Does a changing economy mean the "End of Men"?
By Anna Louie Sussman
NEW YORK (Reuters) - For all the bluster of her book's title, "The End of Men: And the Rise of Women," Hanna Rosin is surprisingly ambivalent about whether men are, in fact, doomed.
Women are quicker to adapt to the economy's new demands, Rosin says, pursuing higher education in record numbers and dominating fast-growing professions such as nursing and accounting.
At the same time, men watch the shrinking of manufacturing, construction and other traditionally male industries as if paralyzed, on the couch with a beer in hand.
More than two years of research and reporting, though, have left Rosin unconvinced that the end of men is inevitable.

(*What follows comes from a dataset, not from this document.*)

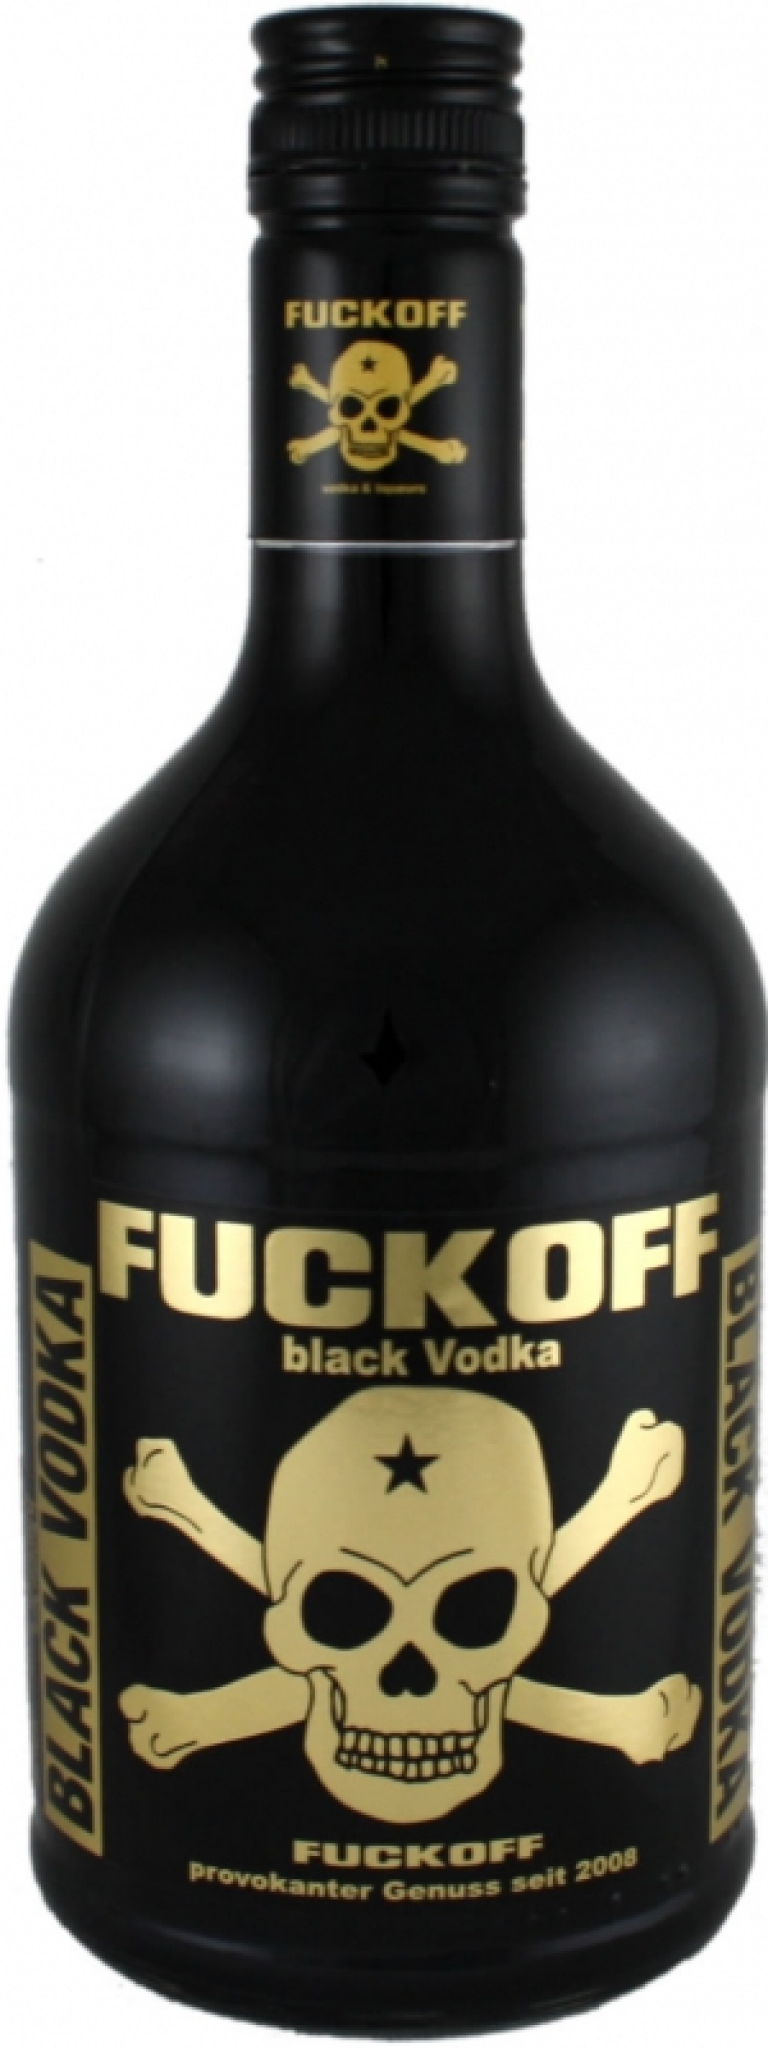 Limp bizkit korn eminem fuck off

"It's an obnoxious title," she conceded about her book and the 2010 cover story in the Atlantic magazine that launched it. "And I think my argument would have been much easier to make if I believed that women's brains are one way and men's brains are another way and the economy prefers our brains right now."
Rosin draws on data and anecdotes from a wide range of sources to depict a new global matriarchy.
She charts the feminization of pharmacy work, visiting the University of Wisconsin's pharmacy school in Madison, where 62 percent of the freshman class is female. A group of girlfriends there are aiming for six-figure salaries; one envisions a husband who greets her after work "with a freshly baked cookie."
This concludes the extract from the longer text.